Science For All

Maker News
Science For All

I’m a 6th grader in Westwood, Massachusetts.  My favorite subject is science. My interest in science began in 1st grade when I decided to participate in my school’s science fair. As I researched ideas for a fair project, I was fascinated by how much there is to learn about the world around us. I tried a number of experiments daily, using my kitchen as a lab.  Osmosis in plants, self-inflating balloons, slime-making, vortex in a bottle and other messy experiments were performed at home to my parent’s delight.

Earlier this year when my dad suggested we build a treehouse, he had one rule: my brother Michael and I needed to be involved. Michael and I drew plans for what we wanted the house to look like. My dad did most of the building work but my brother and I designed a pulley to lift our toys and supplies up to the treehouse.  It took a lot of experimentation to find the right size wheels and rope for our pulley to work. We loaded objects of different weights in our pulley basket to test whether it could be used to lift our dogs up to the treehouse. We decided the basket was not stable enough to transport animals. No pets were harmed in the experiment!

My brother Michael and I working on a pulley system for our treehouse.

I’ve also been lucky to experiment in a real lab as part of the “Scientist for a Day” program at MIT.  Merjema Purak and the MIT Women in Chemistry group put together an experiment-filled day for middle school girls at MIT’s chemistry lab. I enjoyed extracting DNA from strawberries and fluorescent molecules from spinach, simulating the greenhouse effect in our environment, making ice cream using liquid nitrogen, and more. It was great to be able to perform experiments in an actual lab with helpful and accurate tools. What I enjoyed the most was working in teams and discussing experiment results with scientists and other science lovers. As a thank you for the great experience, I designed a logo for MIT’s “Scientist for a Day” program.

The logo I designed for the “Scientist for a Day” program.

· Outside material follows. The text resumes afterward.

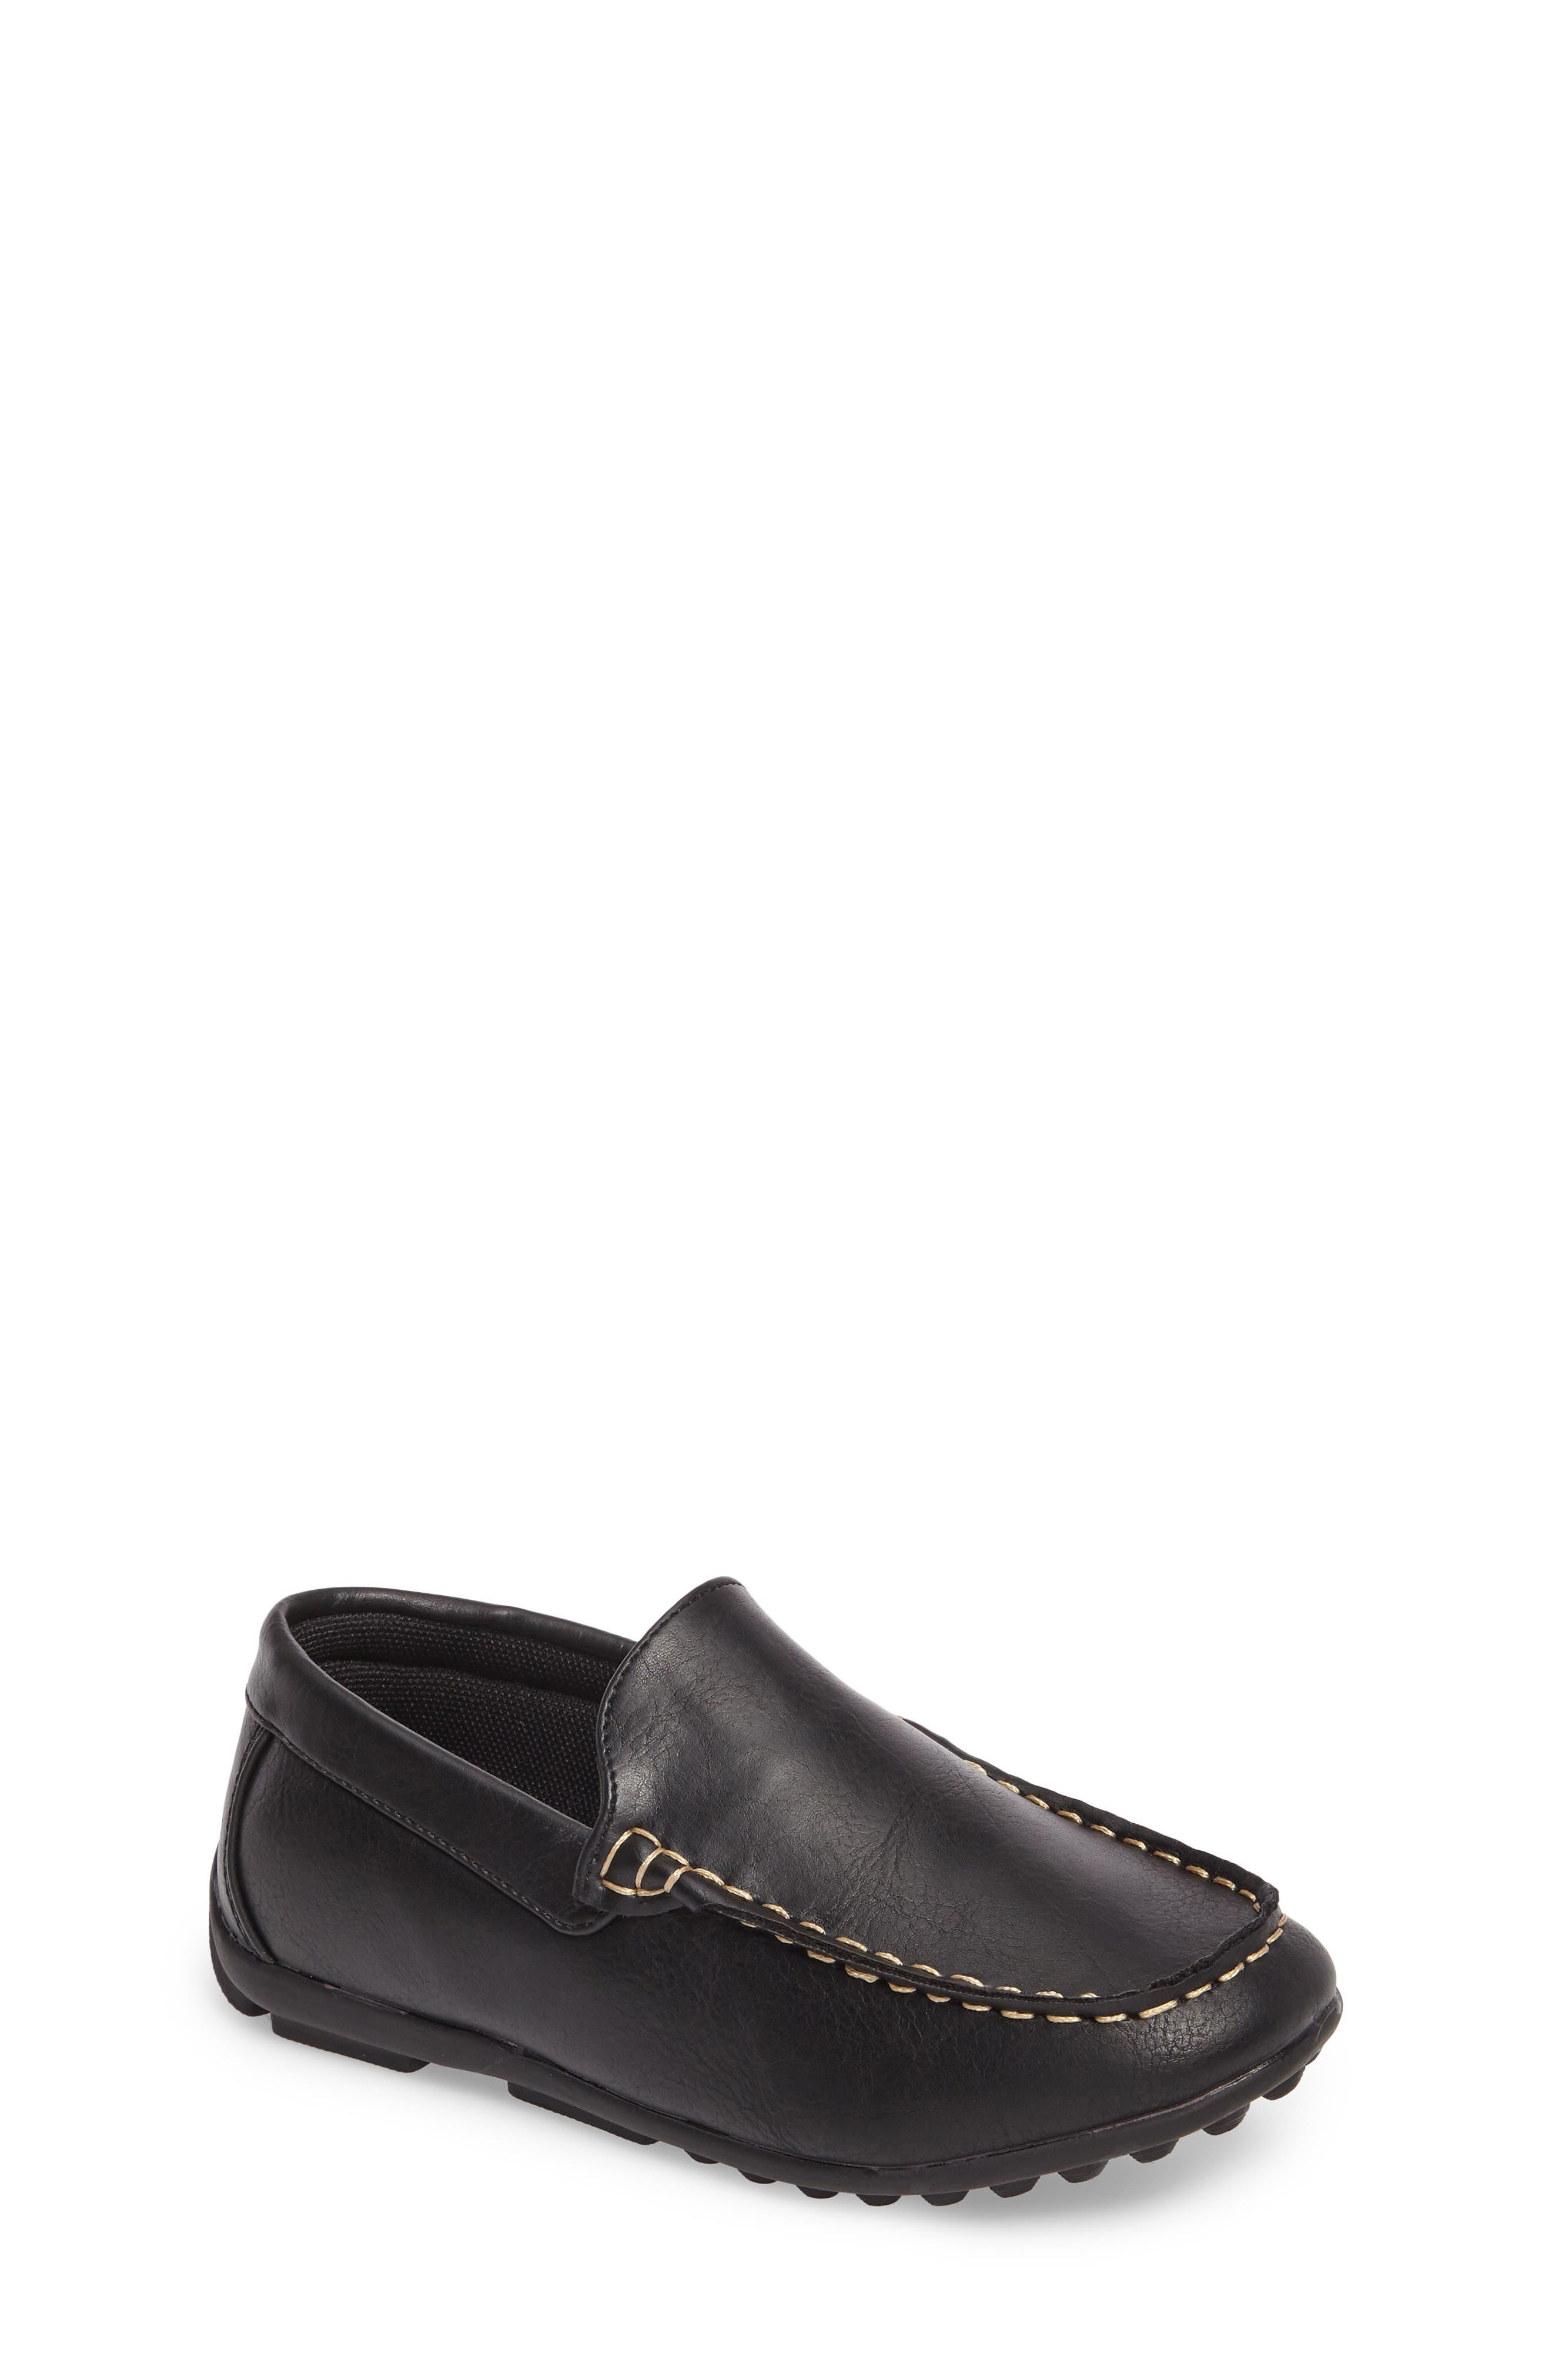 STEVE MADDEN Compton Driving Loafer, Main, color, BLACK

The goal of the “Scientist for a Day” program is to increase the diversity of the science community by inspiring girls to explore science careers.  My logo design shows a girl, her arm stretched out and an atom hovering over her hand representing “science at arms reach”. Women and other minorities have historically not participated as often in science, sometimes because of lack of exposure to science activities or because their schools do not have quality science programs.  This is concerning to me because understanding many of the most important current issues – climate change, pollution, water safety, disease prevention – requires knowledge of scientific facts. Every day decisions that affect our lives are based in science. Choosing to eat fruit instead of candy, drinking more water during hot days, knowing what medicines to take when we have a cold, deciding who to vote for if we care for the environment.

Extracting DNA from strawberries at the chemistry lab at MIT.

Delivering the “Scientist for a Day” logo to Merjema Purak at MIT’s Swager Lab.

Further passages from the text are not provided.